◆ Input data
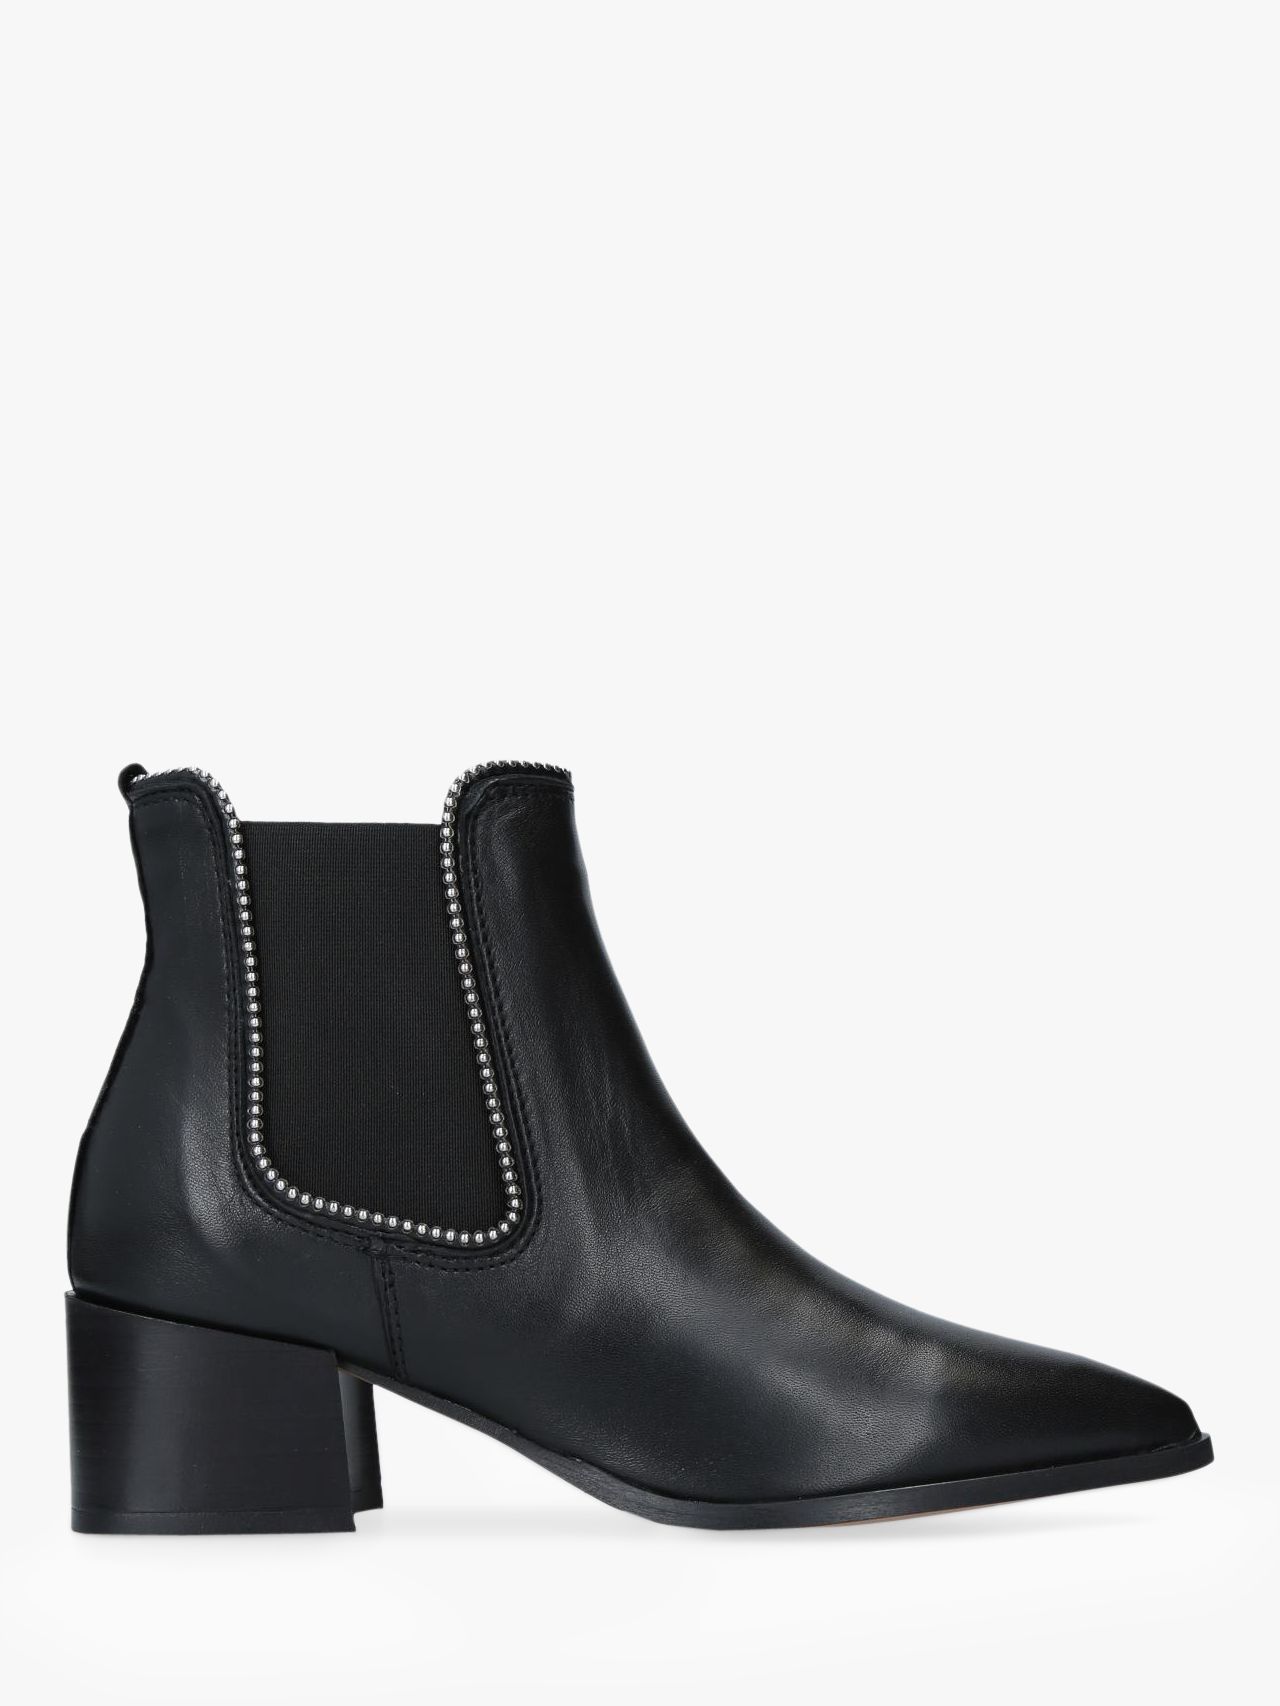 Carvela Spire Block Heel Studded Leather Ankle Boots, Black
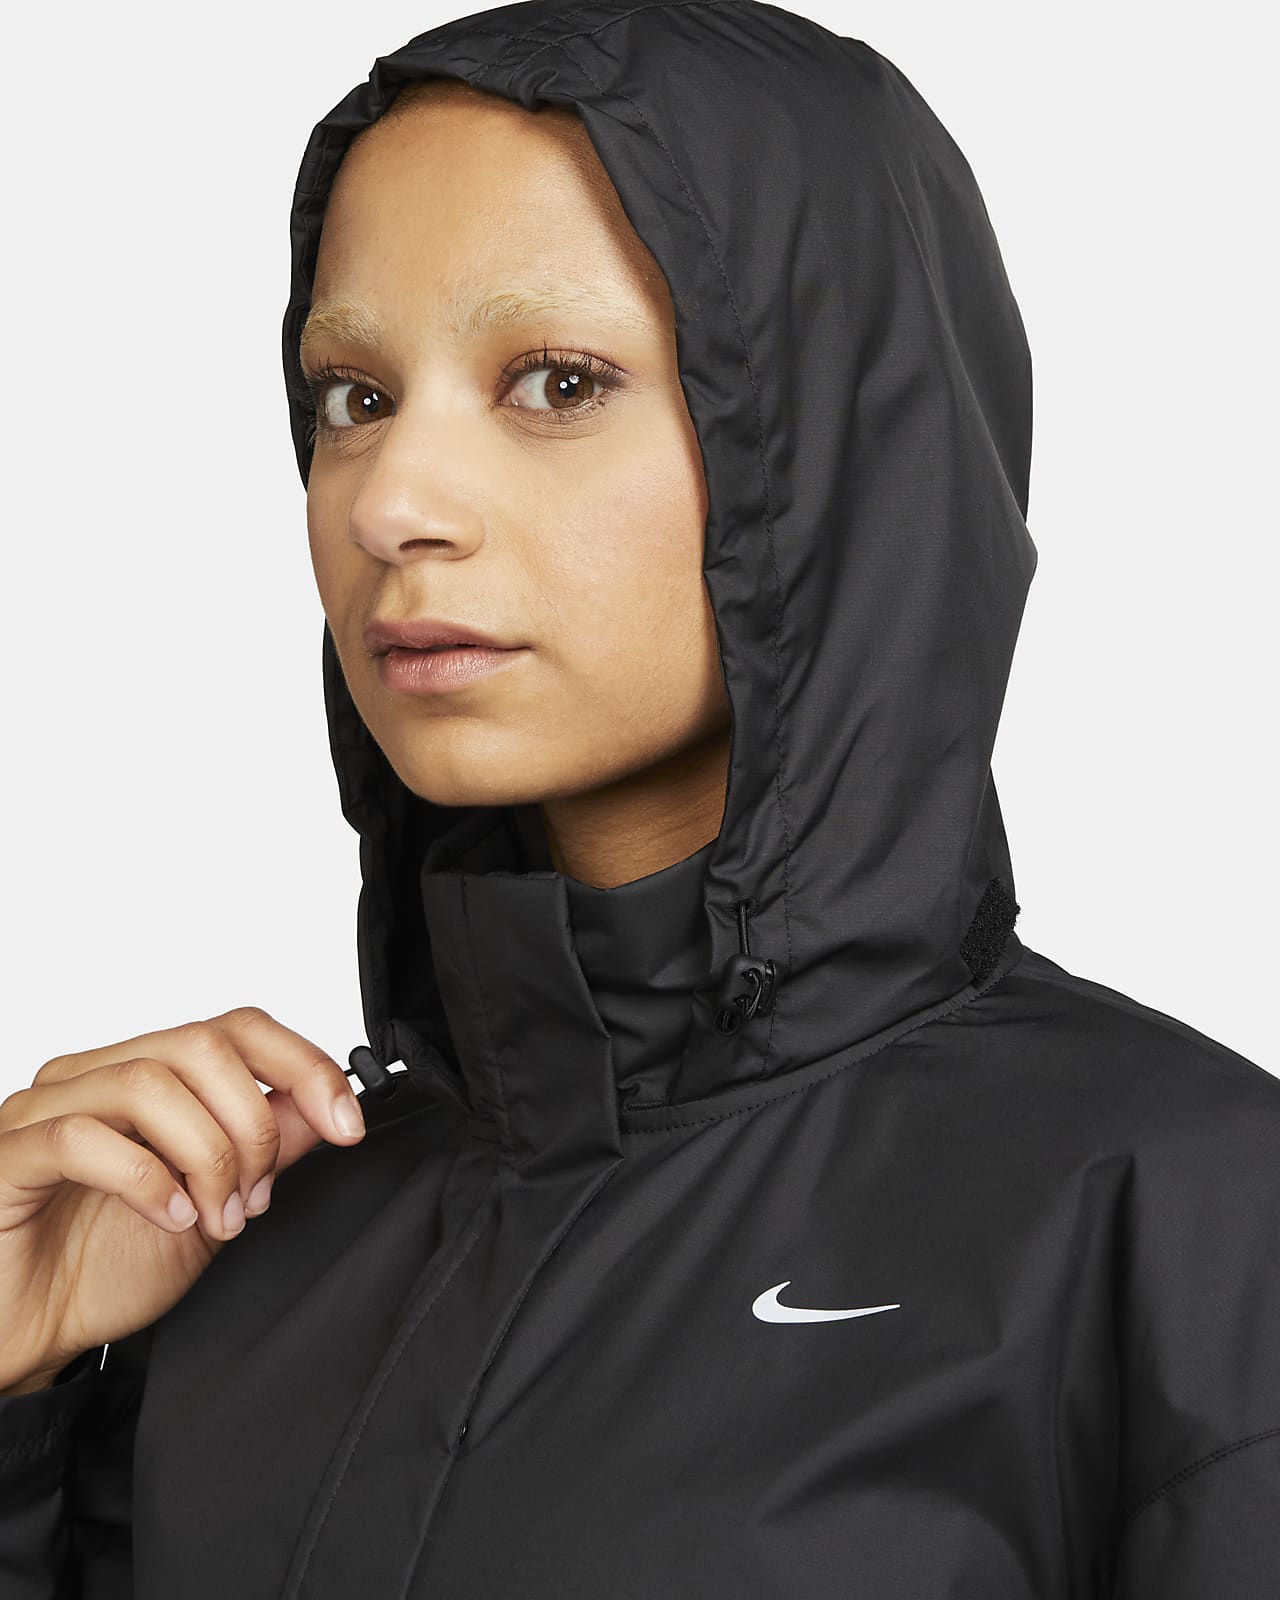 Fast Running Nike Women\'s Jacket. Repel
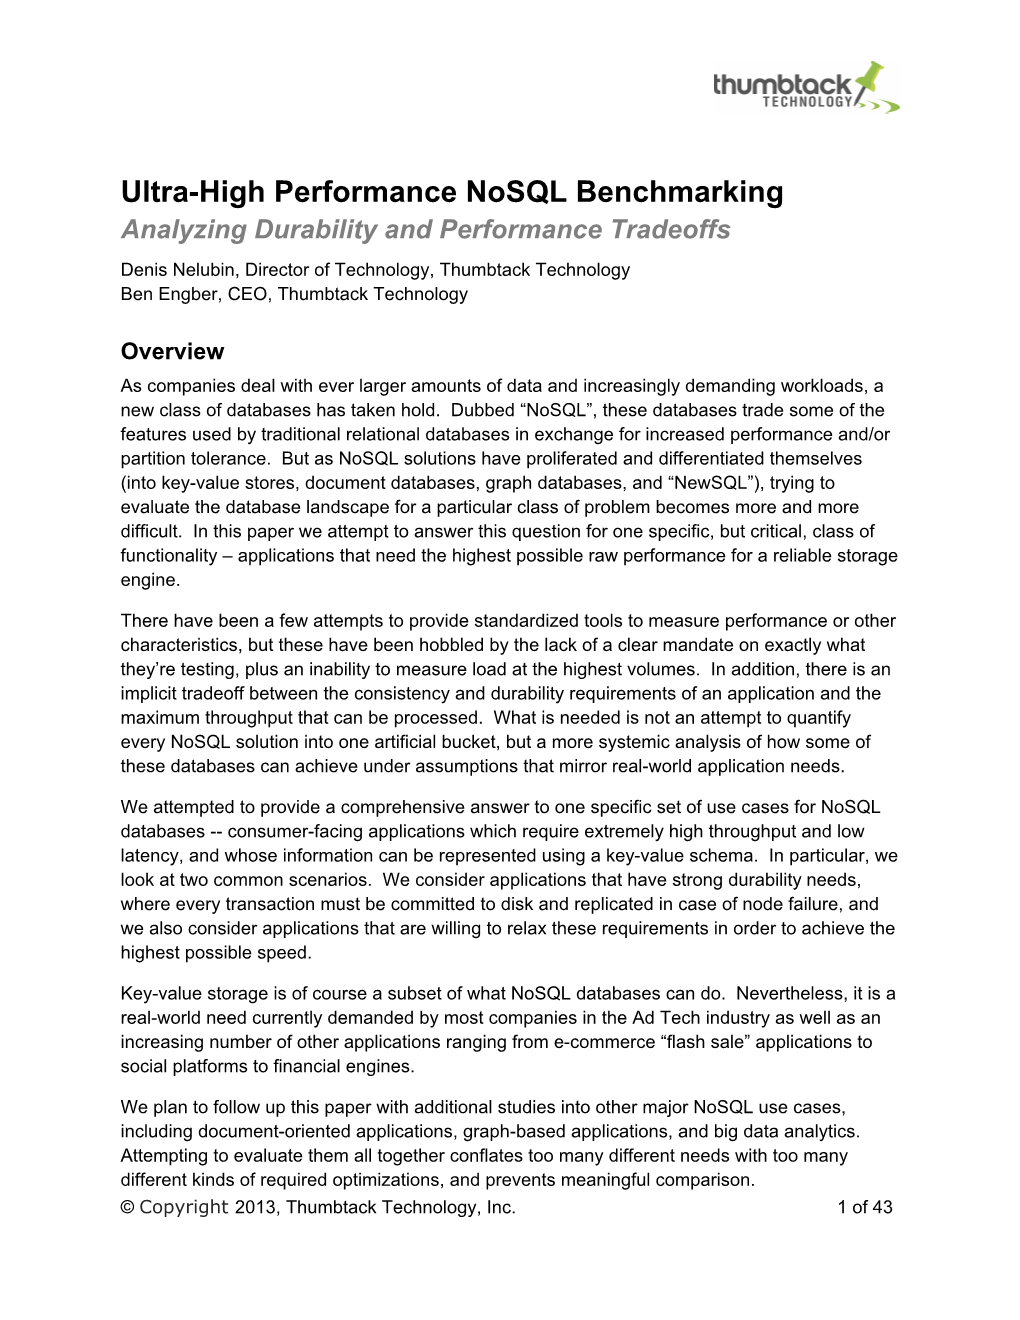 Ultra-High Performance Nosql Benchmarking

◆ Task objective
Output the data exactly. Pictures don't belong in the result.

◆ Answer area
 Carvela Spire Block Heel Studded Leather Ankle Boots, Black
 Fast Running Nike Women\'s Jacket. Repel
 Ultra-High Performance Nosql Benchmarking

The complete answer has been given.